Orlando Ortíz Medina*
Ingenuos los que propiciaron el encuentro de Álvaro
Uribe y Juan Manuel Santos con el Papa Francisco, creyendo que se iba a lograr
algún acuerdo o al menos limar "las asperezas"; como si éstas últimas
fueran simplemente eso, asperezas y no serias contradicciones, no precisamente
entre los otrora coequiperos del gobierno de la seguridad democrática, sino del
ahora senador con los contenidos que demanda una propuesta de paz frente a los que
ni antes ni ahora, ni nunca estará dispuesto a ceder.
Imposible que, en treinta minutos, el Papa fuera a convencer
a Uribe de la necesidad de aceptar que en el país se pongan en curso
transformaciones a las que durante siglos se han negado él y la estirpe que representa.
Saludemos la buena voluntad del Papa, más ahora que
estamos en épocas navideñas, pero bien valdría recordarle que en esta parte del
mundo, en donde aún le quedan millones de seguidores, más que camorras entre
dos ilustres representantes del establecimiento, que por ahora están distanciados,
lo que está en juego es el futuro de una sociedad que anhela con urgencia pasar
la página de la guerra, que lejos estaría de resolverse con un beso de Judas o un
apretón de manos, así sea en el despacho del representante de Dios en la
tierra.
No hay hábito blanco ni inspiración divina que
valga si se trata de la búsqueda de la paz con personajes como Álvaro Uribe.
Por un lado, porque su vocación es la guerra que lo divierte y le sirve para
inflar su ego altanero y belicoso, tristemente celebrado por gran parte de una sociedad
que sin fórmula de juicio hace eco de sus trinos.

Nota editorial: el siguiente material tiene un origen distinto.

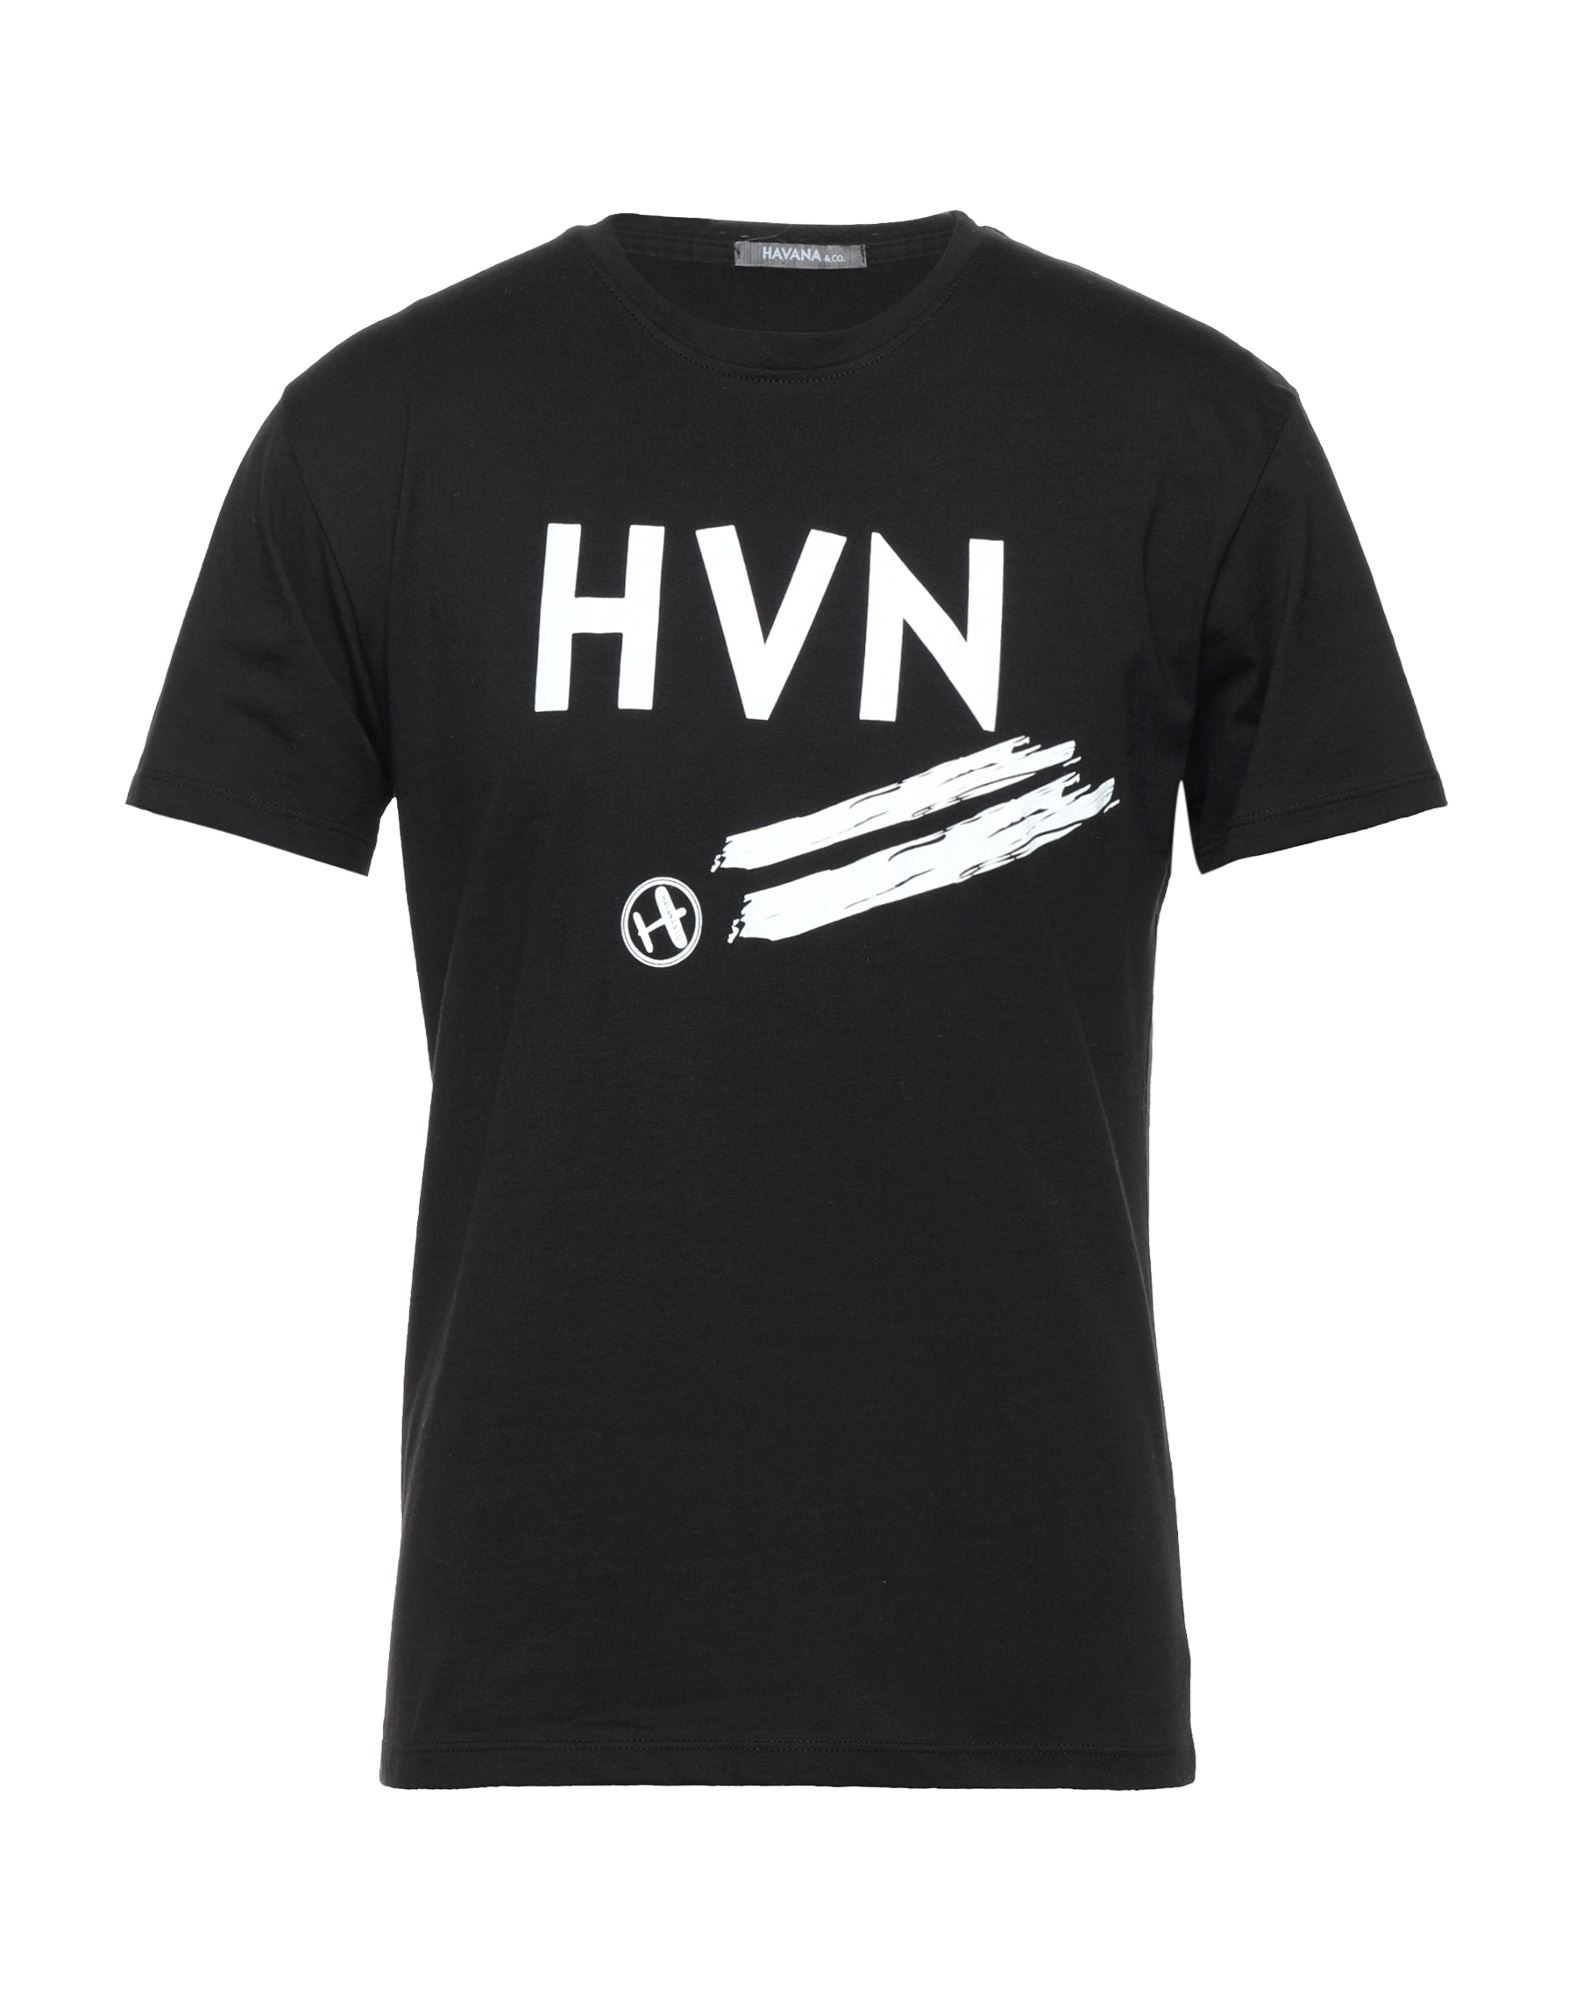 Havana & Co. T-shirts In Black

Por otro, porque tiene claro los
intereses que defiende y jamás aceptaría que ellos fueran puestos en tela de
juicio ni siquiera en los cónclaves papales.
Tampoco se trata, como dijo el cínico contertulio
de su santidad a la salida de la reunión, con su voz falsamente meliflua y su
tono de “malparidito”, de que Santos “afloje un poquito”; más para dónde, habría
que decirle, si el 99 % de las propuestas que hicieron luego del triunfo del NO
el dos de octubre fueron incluidas en el nuevo acuerdo y no tuvieron al menos la
sensatez para reconocerlo; por el contrario, una vez lograron alzarse con el triunfo
de la modificación sustancial del texto, se envalentonaron nuevamente para
volver a decir NO, el mismo que advertíamos quienes no nos engañamos con la
imagen nada apostólica del personaje.
Él y su partido, que por demás se alzaron como únicos
dueños del triunfo del NO, tenían claro de antemano que tocaba seguir tirando
la cuerda porque estamos en las primeras de cambio de una nueva campaña
electoral, en la que el absurdo dilema del SI o NO a la paz o la continuidad de
la guerra vuelve a ofrecer los réditos y se convierte en factor decisorio para
la elección del nuevo presidente, como prácticamente ha ocurrido durante las dos
últimas décadas.
Esperemos, para sacarle algún provecho, que el estéril
encuentro con el Papa Francisco haya servido al menos para que quienes aún no
lo han logrado se convenzan de que en Colombia la paz no es con sino contra Uribe.
Llevado ya el intento al santuario mayor del que él mismo es devoto, no se
entendería que se siga esperando un cambio de actitud de quien sólo piensa y actúa
desde el ámbito de su personalidad cargada de odio, su mezquindad y su soberbia.
A los que todavía tenemos esperanzas sólo nos resta
insistir y seguir creyendo en que es posible que esta absurda guerra por fin termine,
o que al menos “afloje un poquito”, así haya otros que sigan apretando.